Он добрался до дачи в девятом часу вечера. Промерзший коттедж встретил его угрюмой тишиной. Где-то вдали лаяли собаки. Павел Сергеевич допил оставшуюся водку прямо из горлышка и приступил к делу.
Прежде всего он принес из сарая охапку березовых дров и растопил печку. Дрова занялись неохотно, Кузин извел на растопку почти все газеты, обнаруженные в доме. Наконец пламя загудело. Кузин в пальто присел на табуретку перед открытой дверцей топки и долго смотрел на бушующее пламя. Затем одну за другой он сунул в топку кур и прикрыл дверцу.
Через несколько минут в кухне возник аппетитный аромат жареной курятины, сменившийся вскоре горьким запахом подгорелого мяса.

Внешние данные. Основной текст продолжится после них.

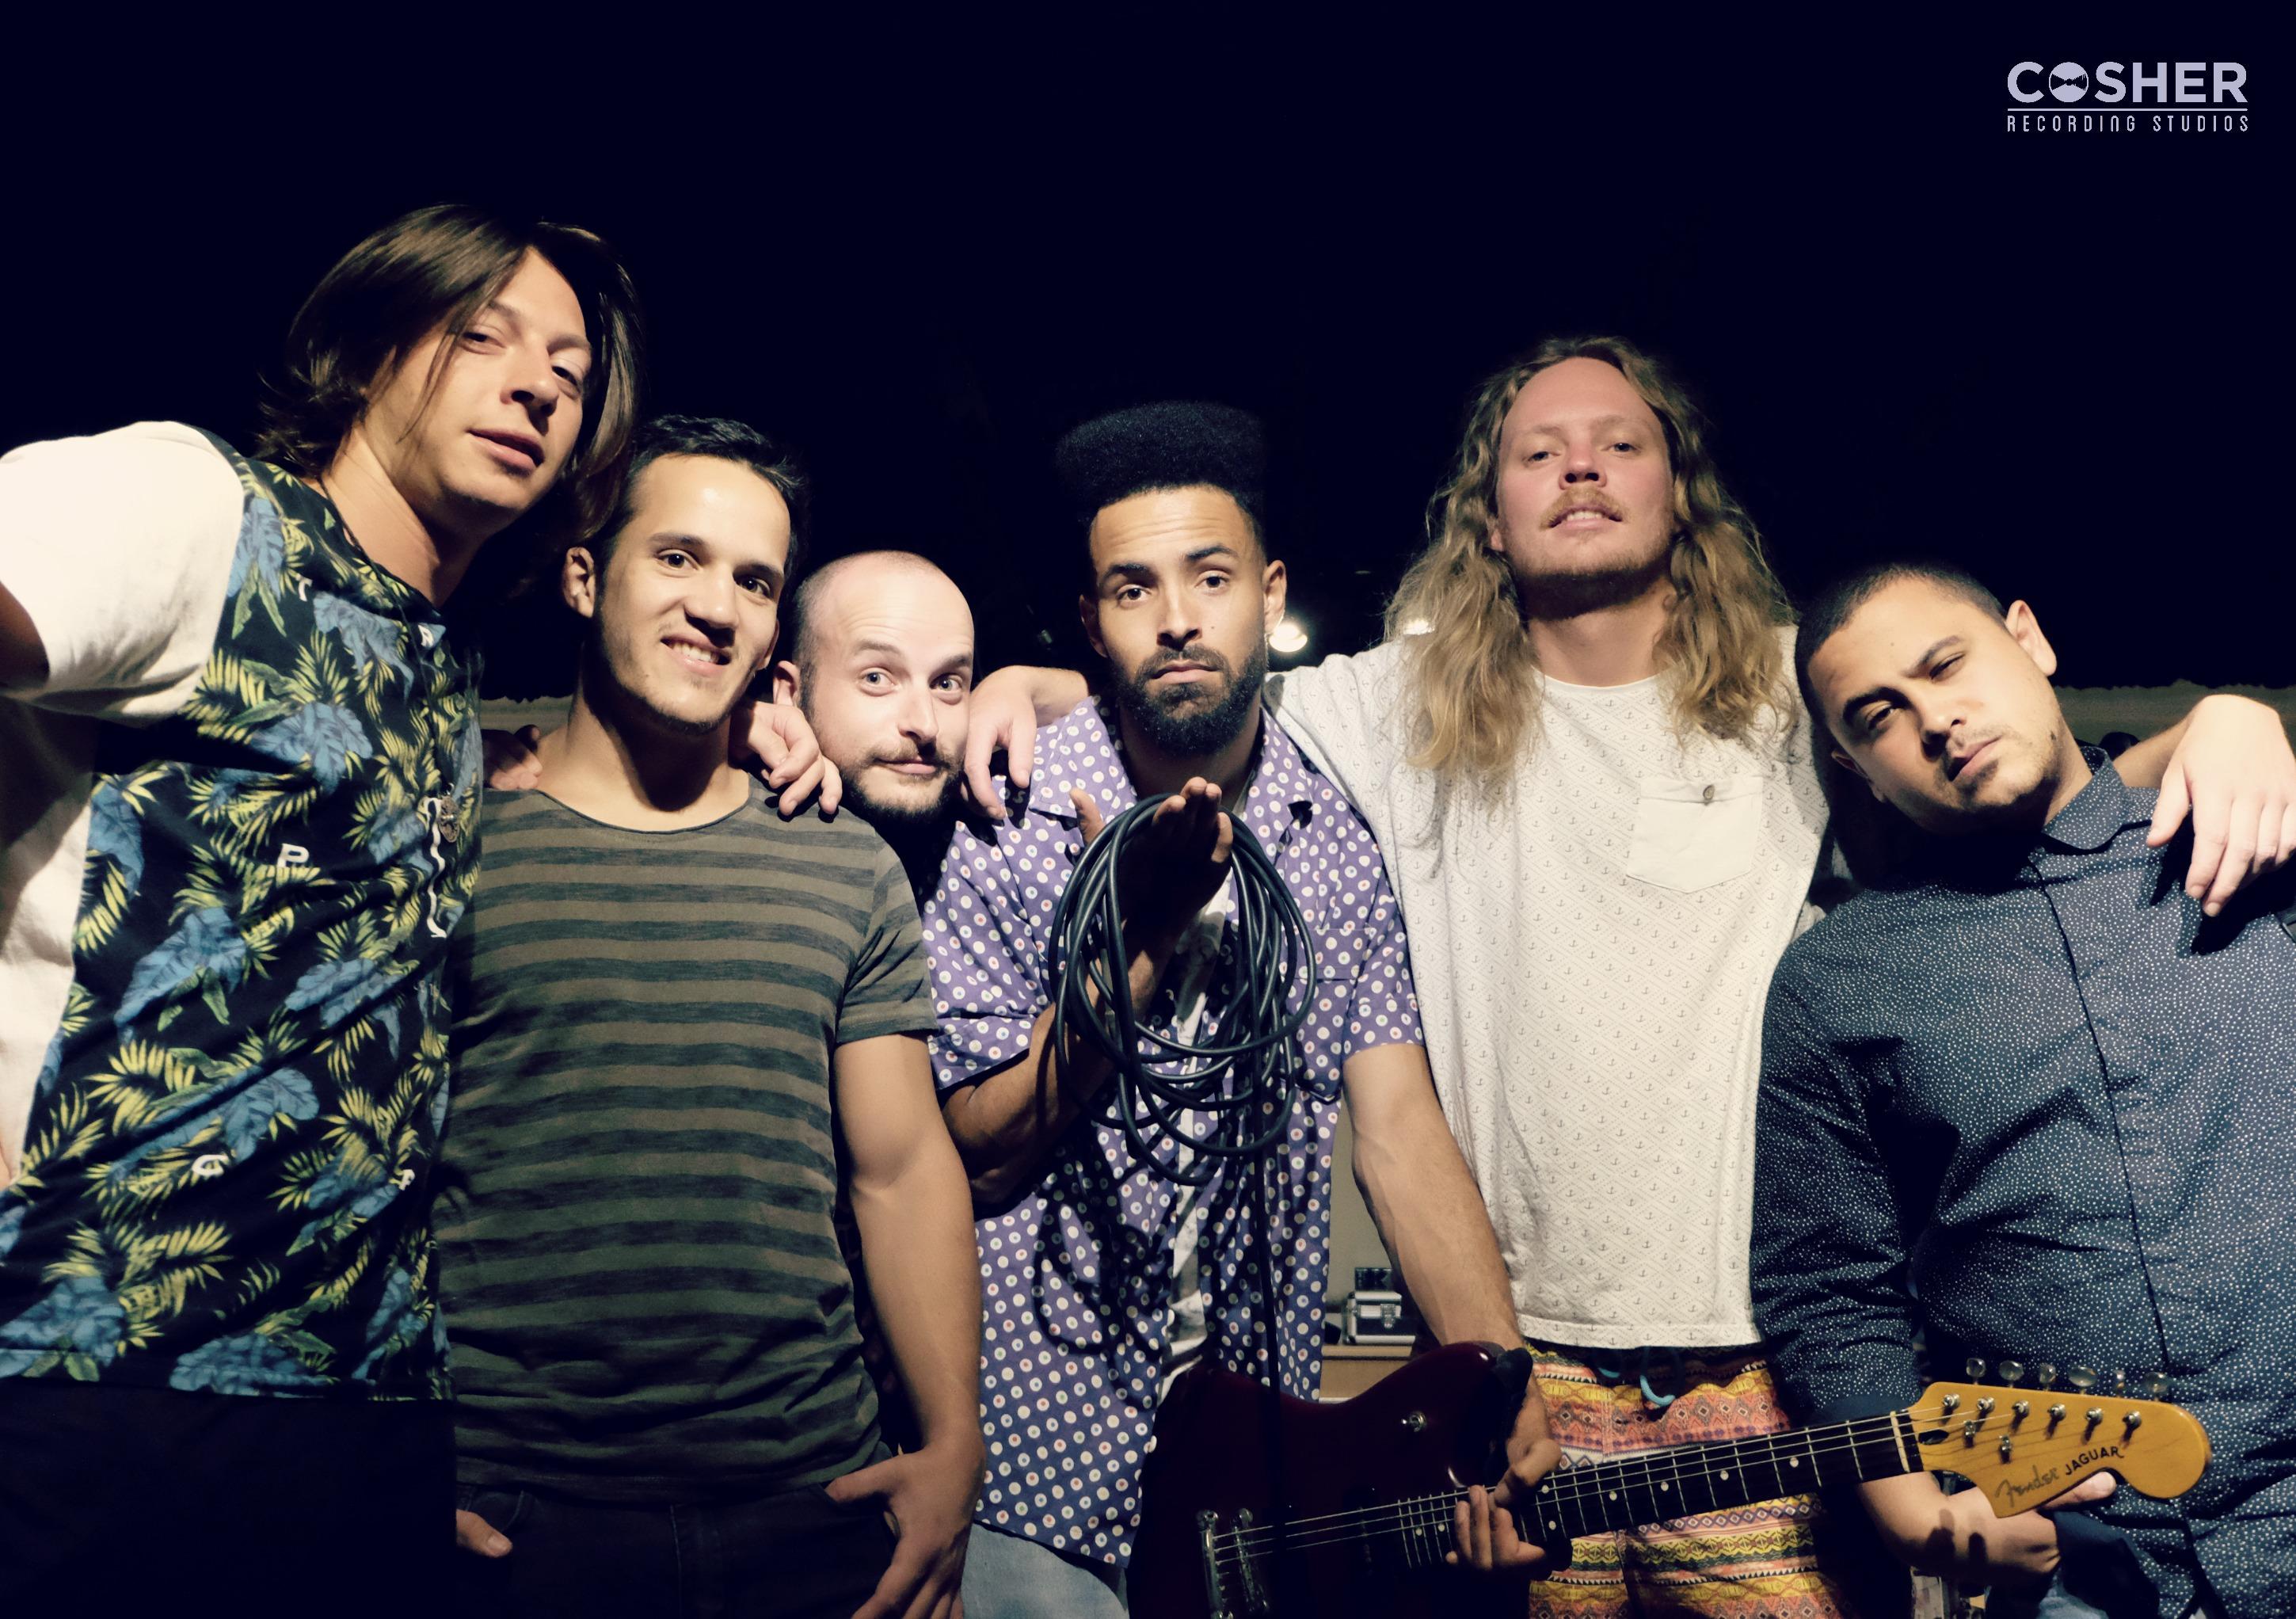 Grassy Spark Explain the Lyrics to 'Feel it' at Cosher Recording Studios

Кремация кур была закончена за полночь.
Павел Сергеевич открыл топку и увидел в печи черные обугленные остовы. Он подождал, пока уймется пламя и погаснут угли. Затем, пользуясь совком, он осторожно извлек из топки останки кур вместе с золой, ссыпав прах на подстеленную газету. Далее Кузин пользовался уже столовой ложкой, измельчая ею останки и осторожно наполняя ими пакет из фольги сквозь имевшуюся прорезь. Вскоре пакет приобрел прежний пухлый и увесистый вид, и Павел Сергеевич с максимальной тщательностью заклеил прорезь найденной, по счастью, в подсобке с инструментами прозрачной липкой лентой. Закончив работу, он положил пакет на стол, и тут нервы не выдержали. С Павлом Сергеевичем впервые за много лет случилась истерика.
Он всхлипывал, трясся — то ли от холода, то ли от ужаса, — потом закурил, тоже впервые за много лет, найдя трясущимися руками пачку «Столичных», оставленную в доме еще летом заезжими гостями. «Господи, за что нас так? За что?» — повторял он неслушающимися губами, вдыхая дымный запах сгоревших птиц, превратившихся в желанный коммунистический пепел.

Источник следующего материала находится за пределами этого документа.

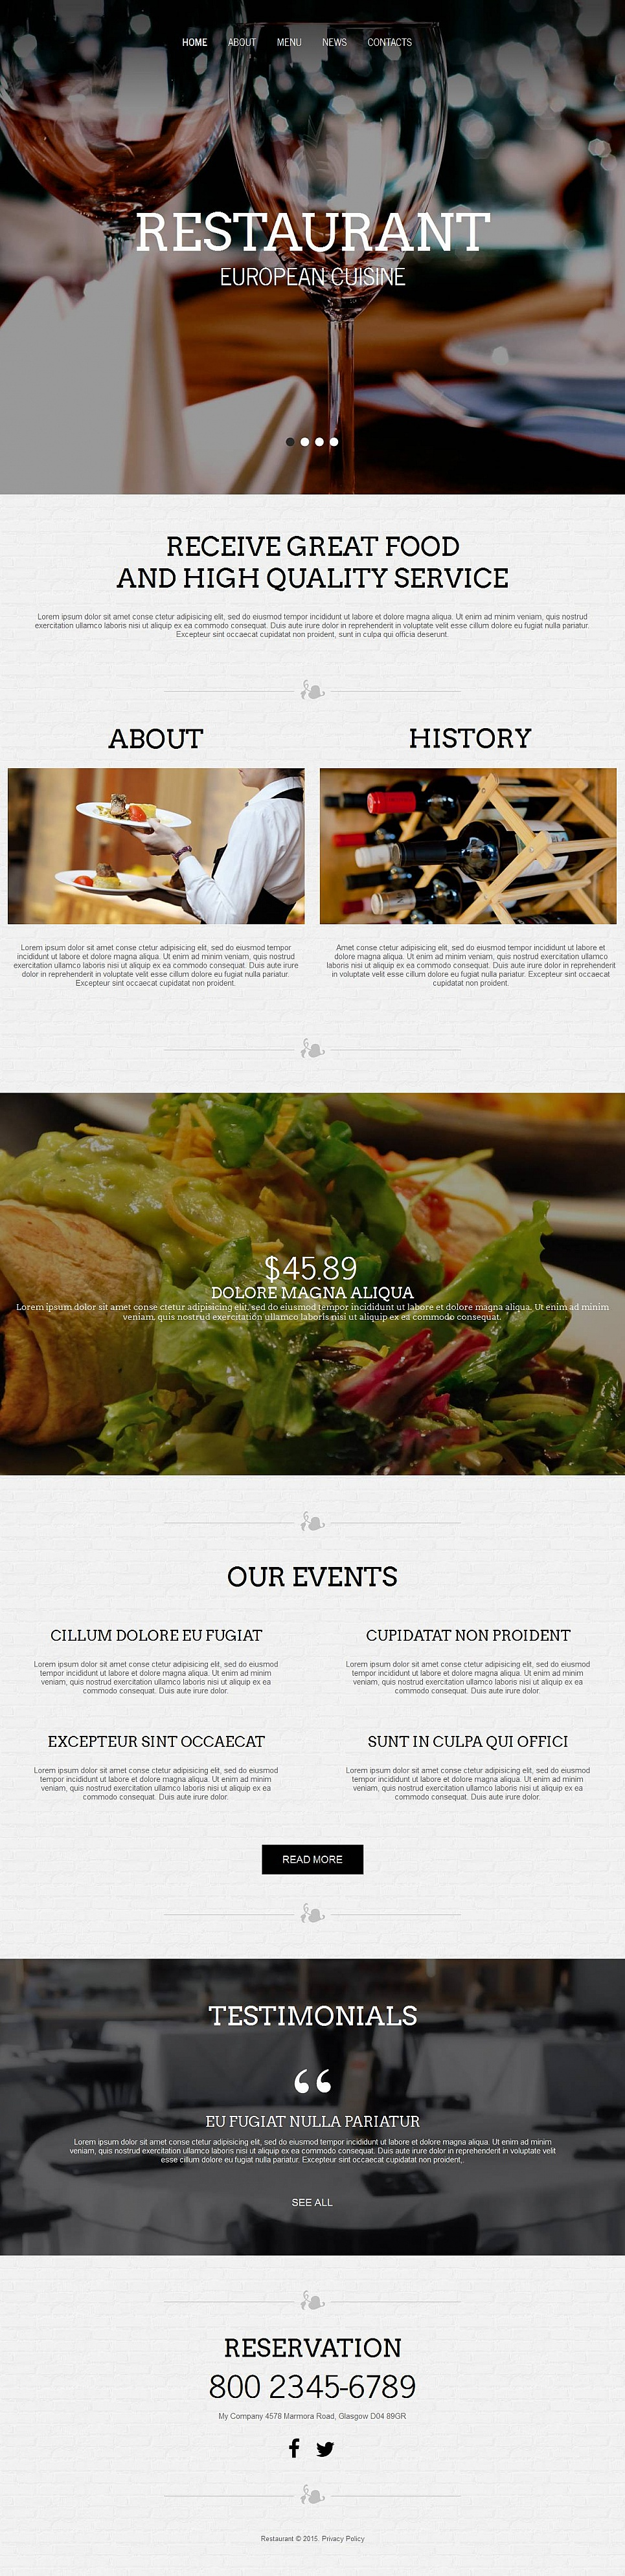 MotoCMS HTML Шаблон #53062 из категории Кафе и рестораны - image

Заснул Кузин под утро, повалившись в пальто на холодную жесткую кровать. Пламя кремации не смогло прогреть замерзший дом, с губ Кузина слетали при дыхании облачка пара.
Домой он вернулся к полудню следующего дня с руками, перепачканными в золе, позвонил на работу Алле Вениаминовне, сказал, что отменили вечерние электрички. Потом принял душ, побрился и отправился с прахом в райком.

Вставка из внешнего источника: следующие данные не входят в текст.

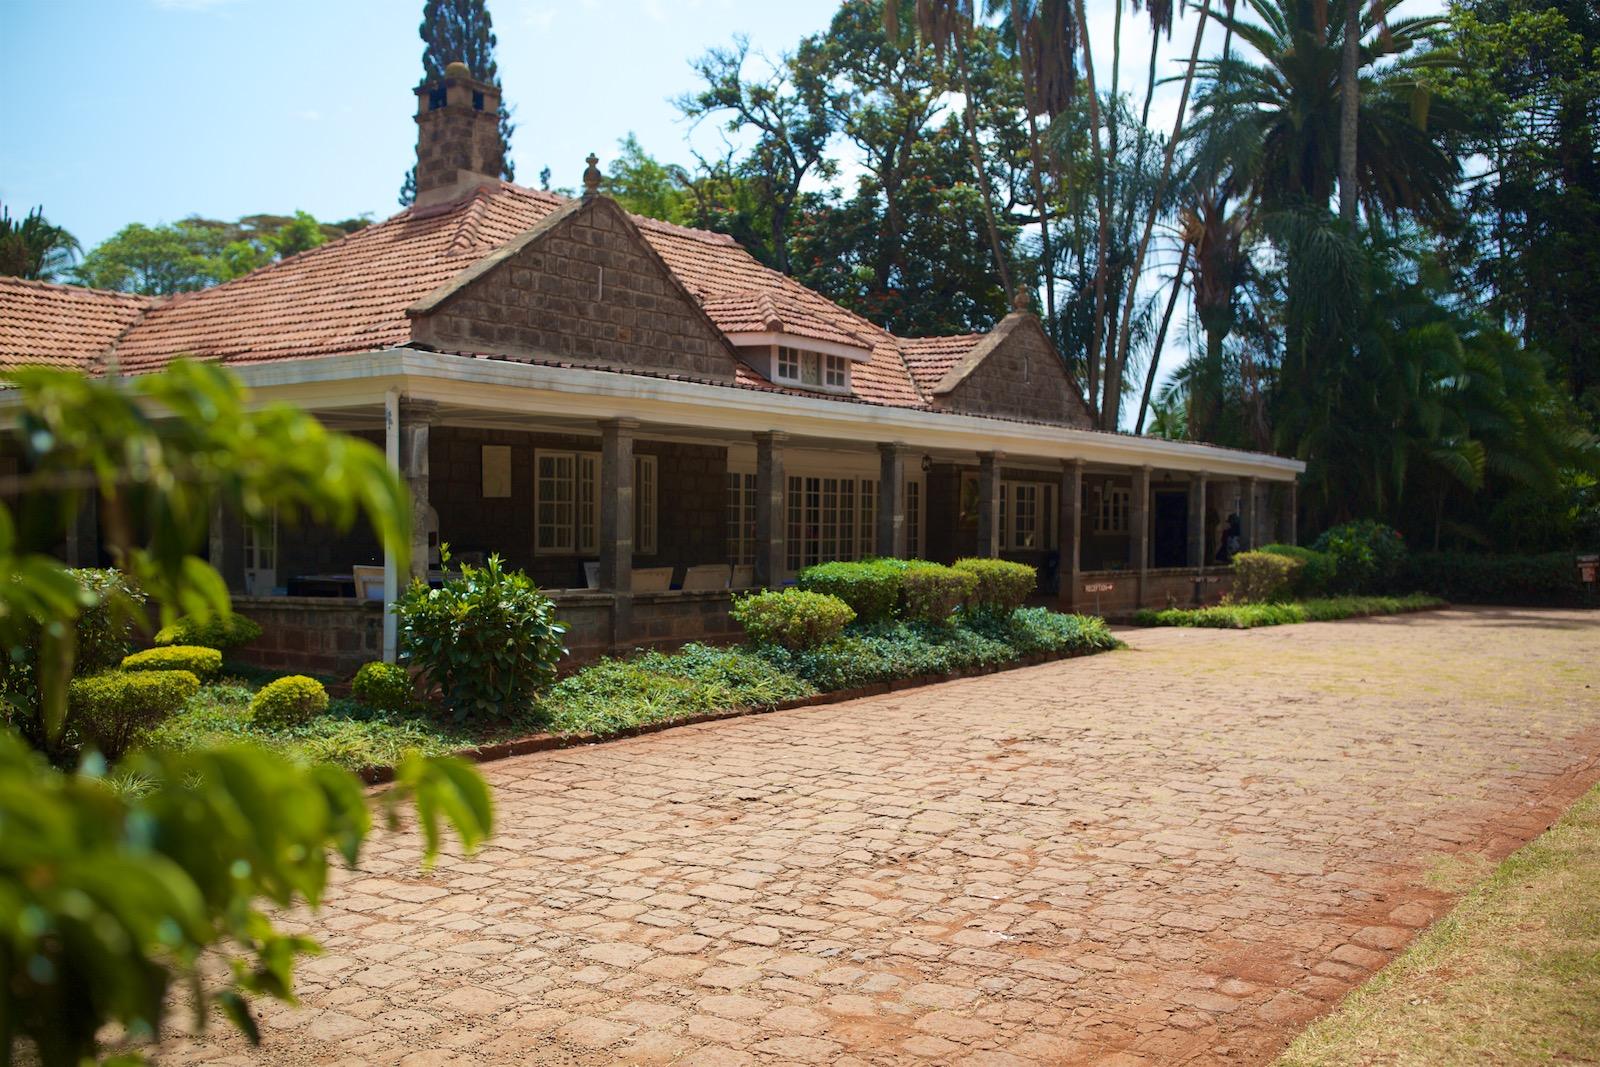 Karen Blixens farm i Nairobi

…Кур хоронили через неделю. Церемония была расцвечена пионерским знаменем с горном и барабаном, а также делегацией профкома чулочной фабрики. Кроме пионеров и месткомовцев присутствовали супруги Кузины и поручитель Храпатый. В нижней части обелиска Вениамину Григорьевичу Шерману сияла новенькая надпись золотом, сделанная за счет райкома: «Здесь покоится прах Иеремии Сейлинга-Шермана, рабочего-металлиста, члена Коммунистической партии Великобритании». И стояли даты рождения и смерти.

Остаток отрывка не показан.